Recorded data:
BEGIN

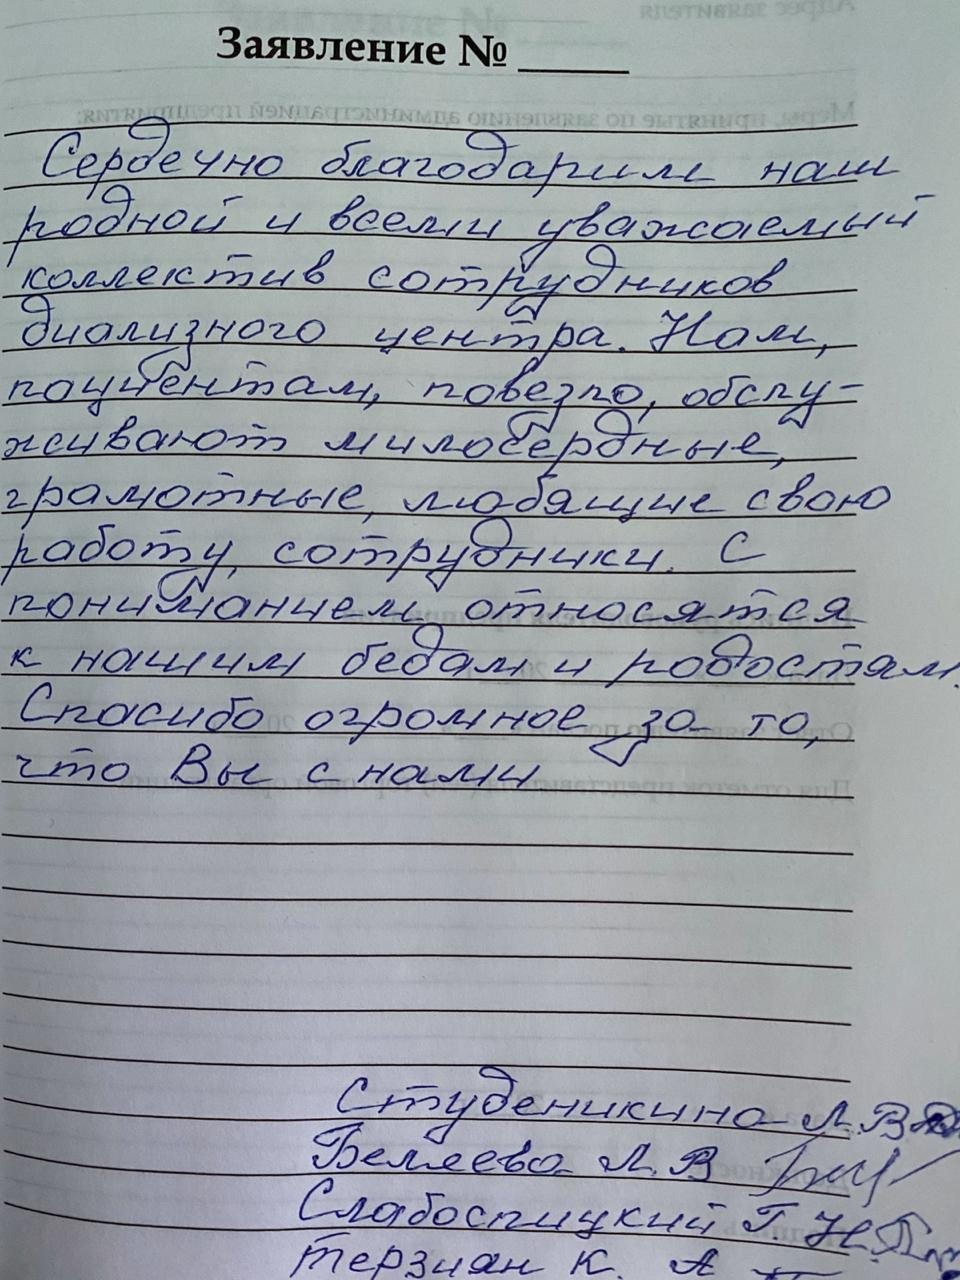 Студеникина Л.В, Беляева Л.В, Слабоспицкин Г.Н, Терзиян К.А
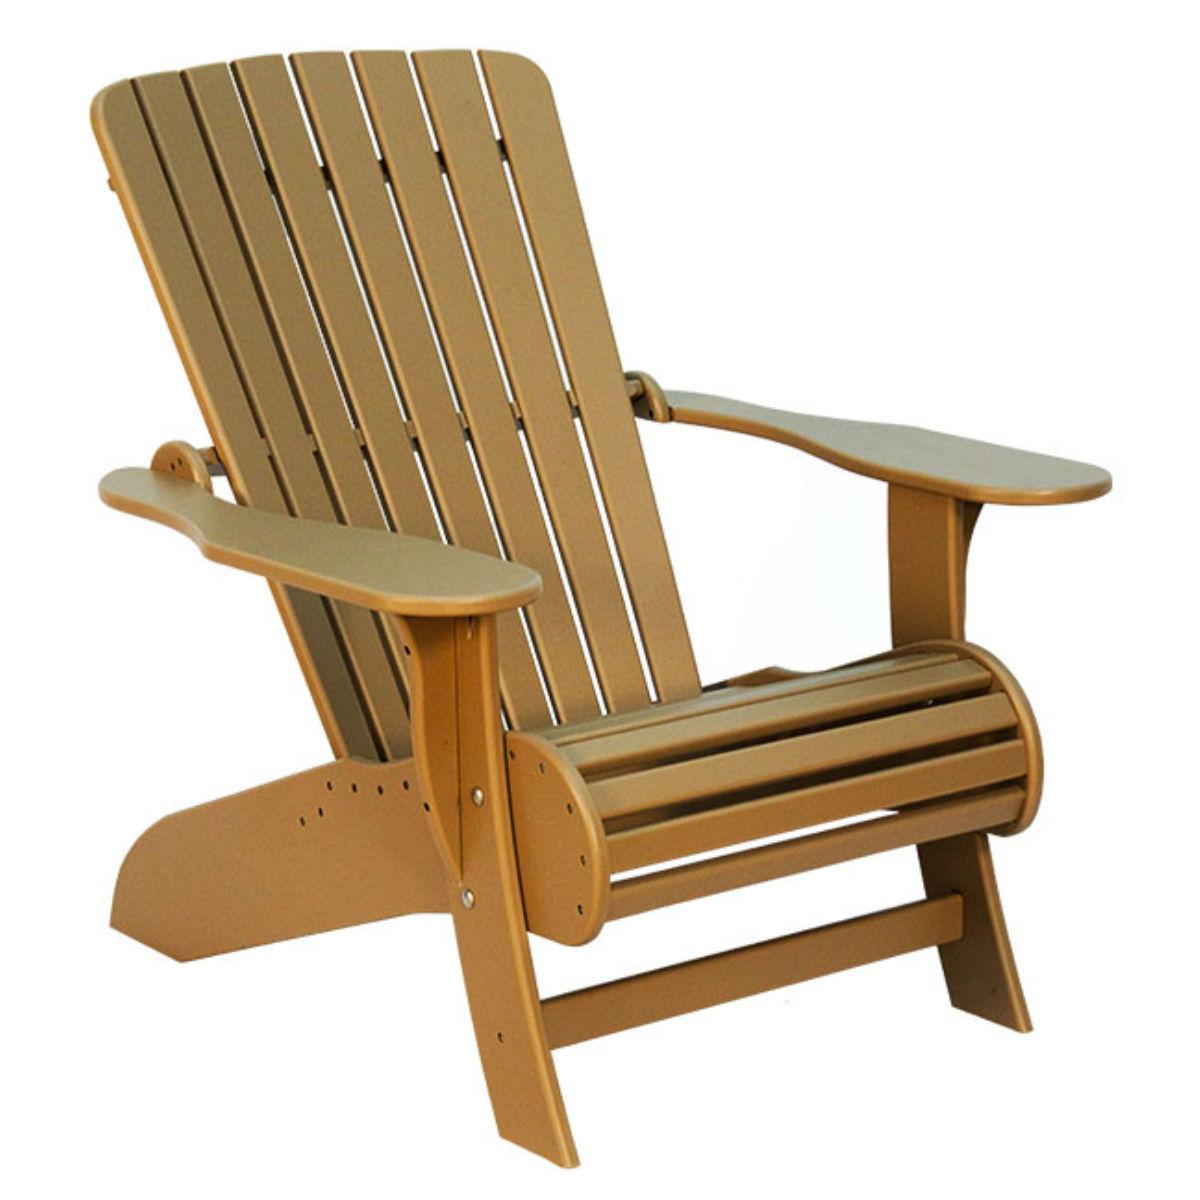 Highlander Muskoka Chair Recycled Patio
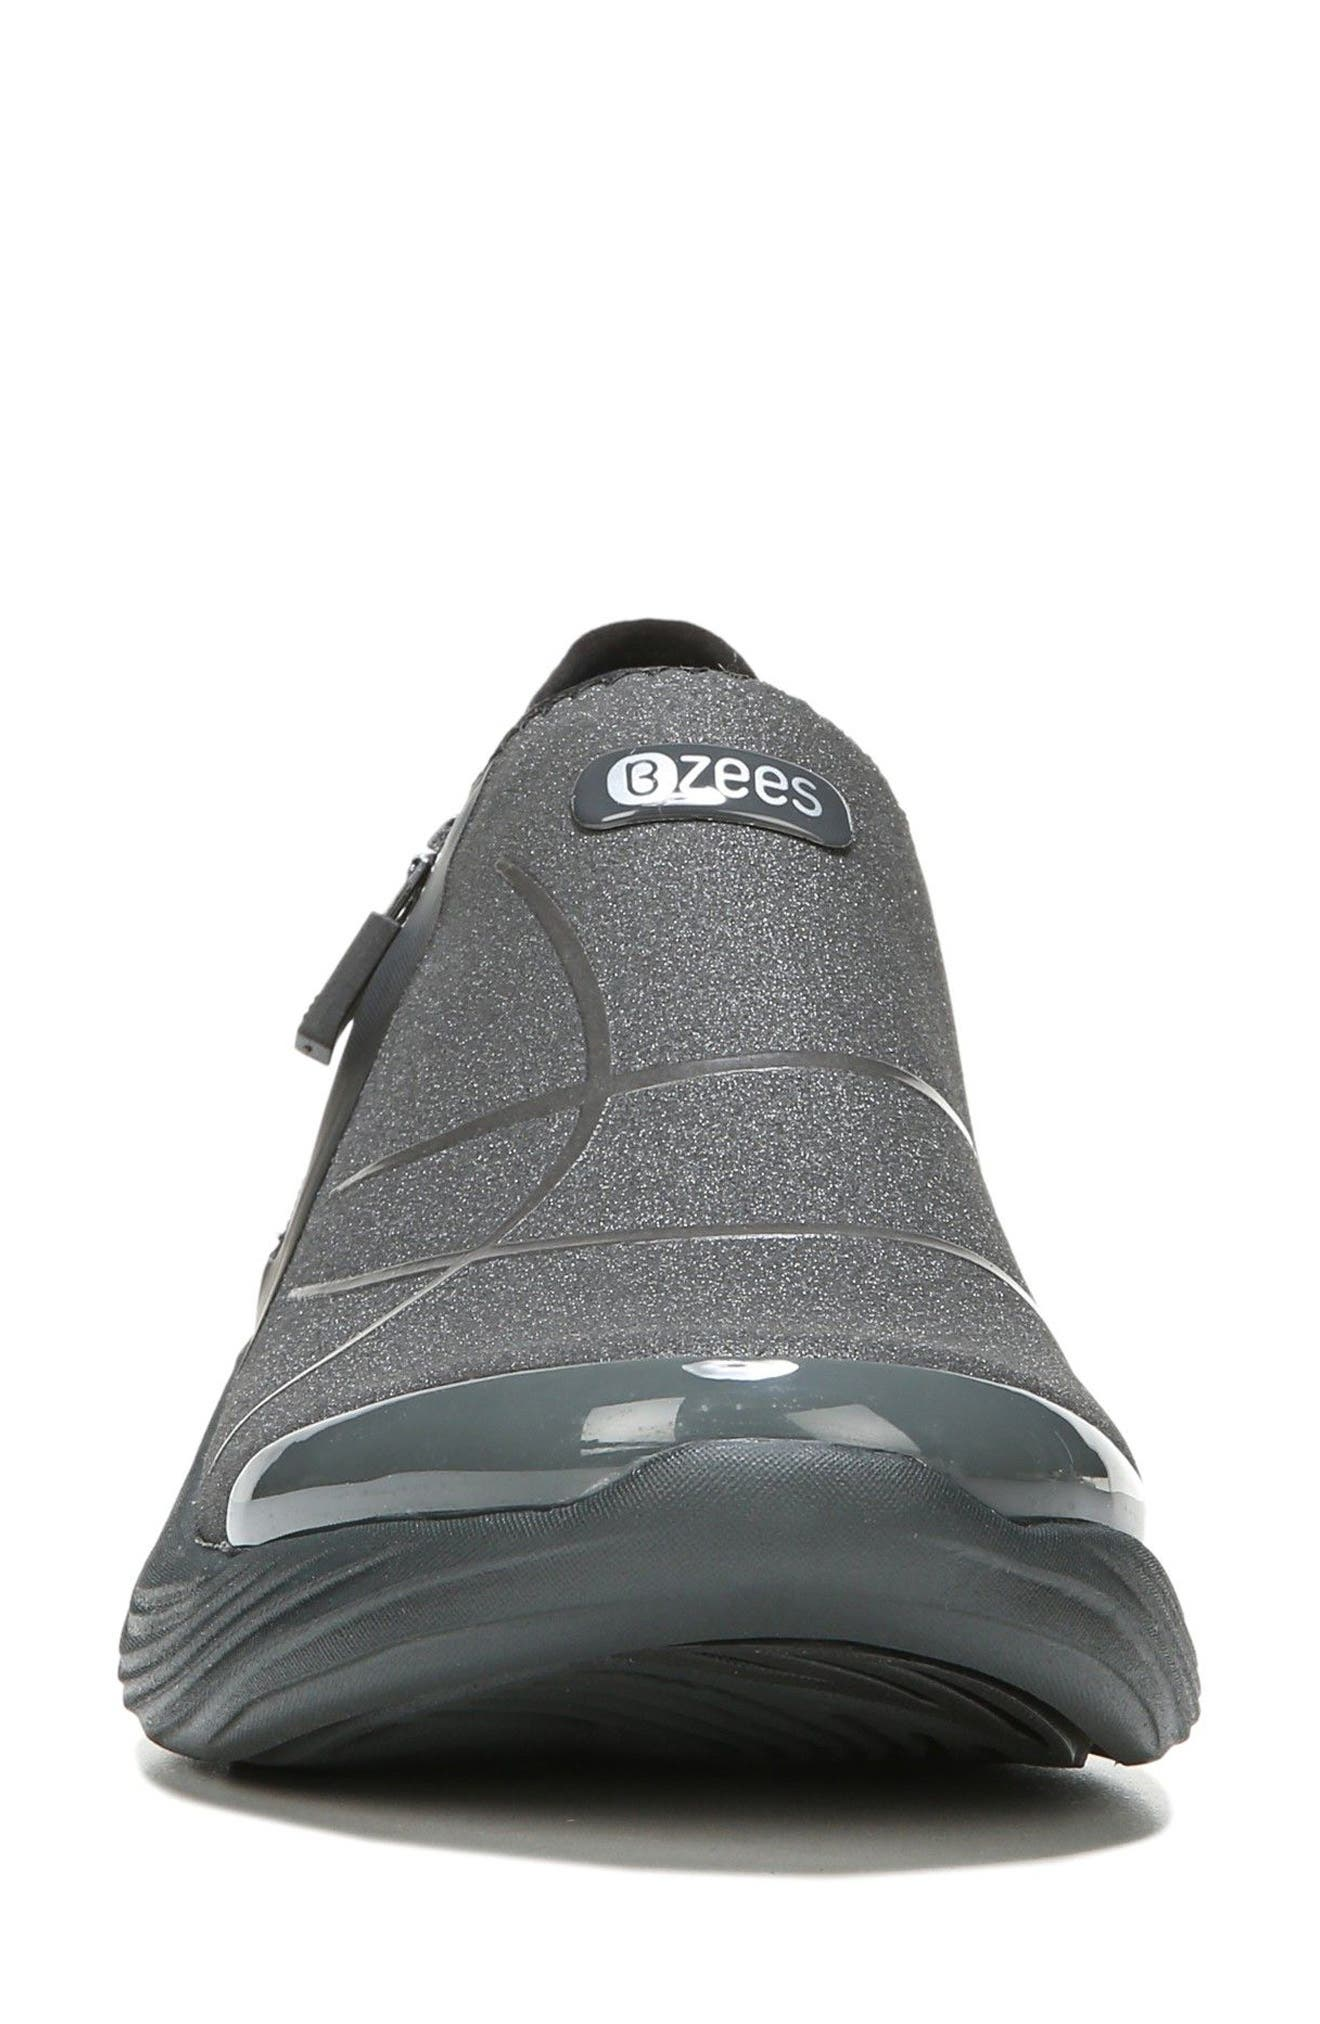 Trilogy Slip-On Sneaker,                             Alternate thumbnail 4, color,                             Grey Fabric
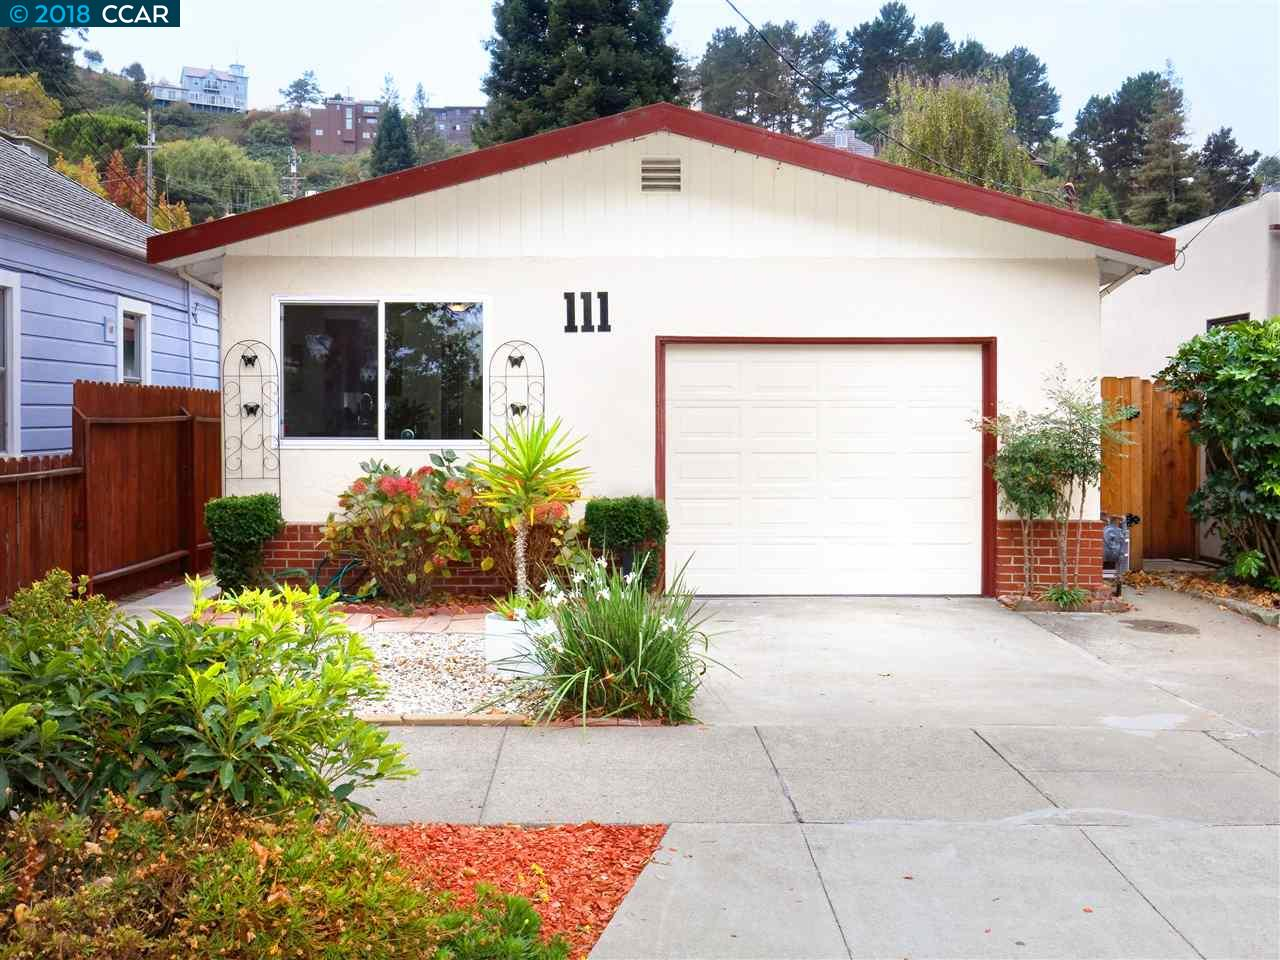 111 E RICHMOND AVE, RICHMOND, CA 94801
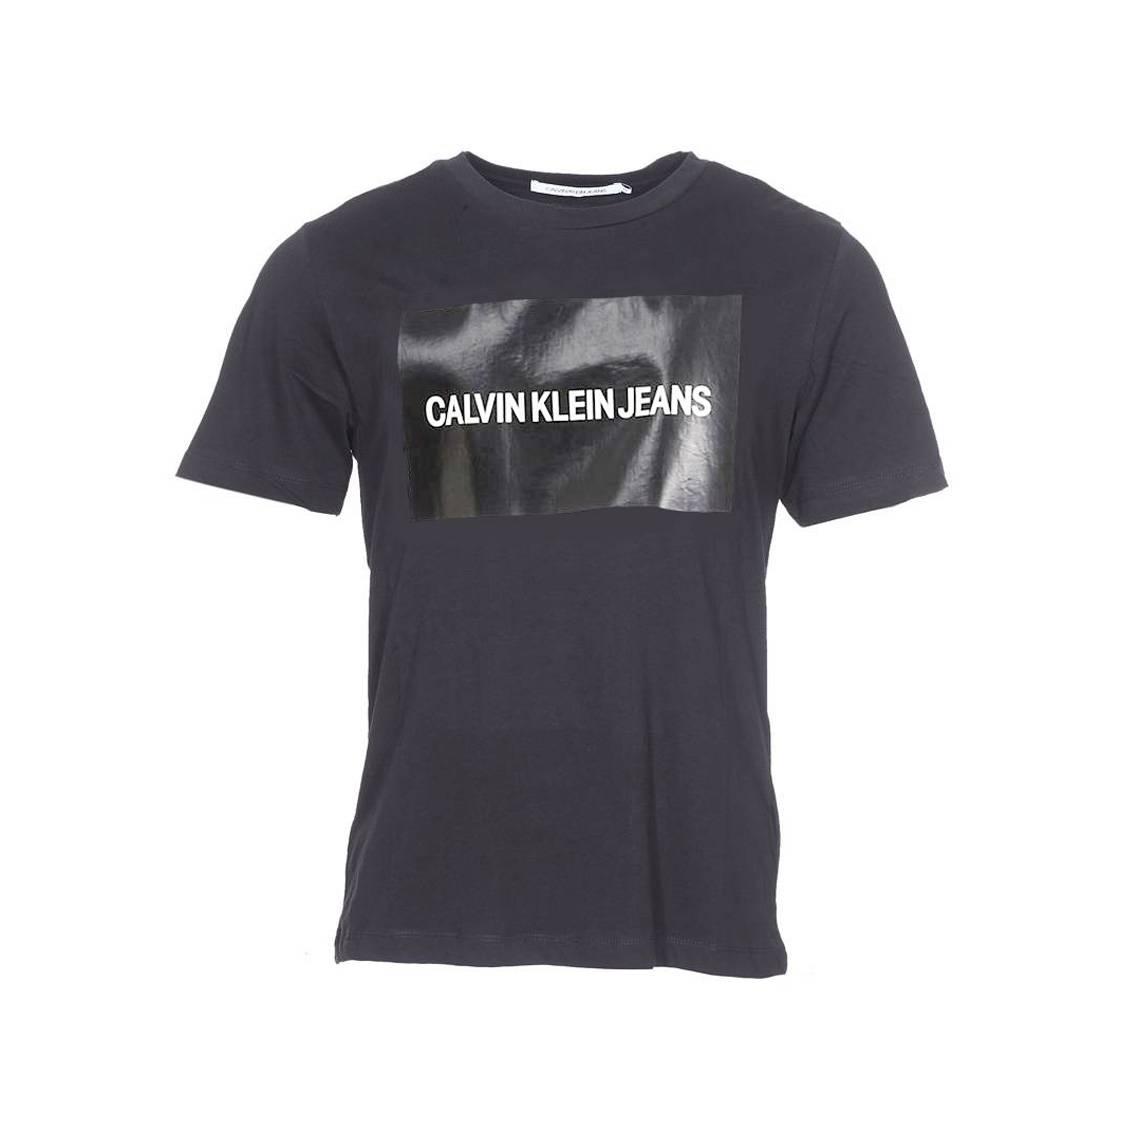 Col Un Coton Noir Institutional Rond En Avec Klein Tee Logo Jeans Calvin Shirt Box v5FxqO

END

(What you should do) Nothing but the lines from the one containing "111 E RICHMOND AVE, RICHMOND, CA 94801" through the last line of the data should appear in the answer, copied exactly, with pictures excluded.

(Answer below)
 111 E RICHMOND AVE, RICHMOND, CA 94801
 Col Un Coton Noir Institutional Rond En Avec Klein Tee Logo Jeans Calvin Shirt Box v5FxqO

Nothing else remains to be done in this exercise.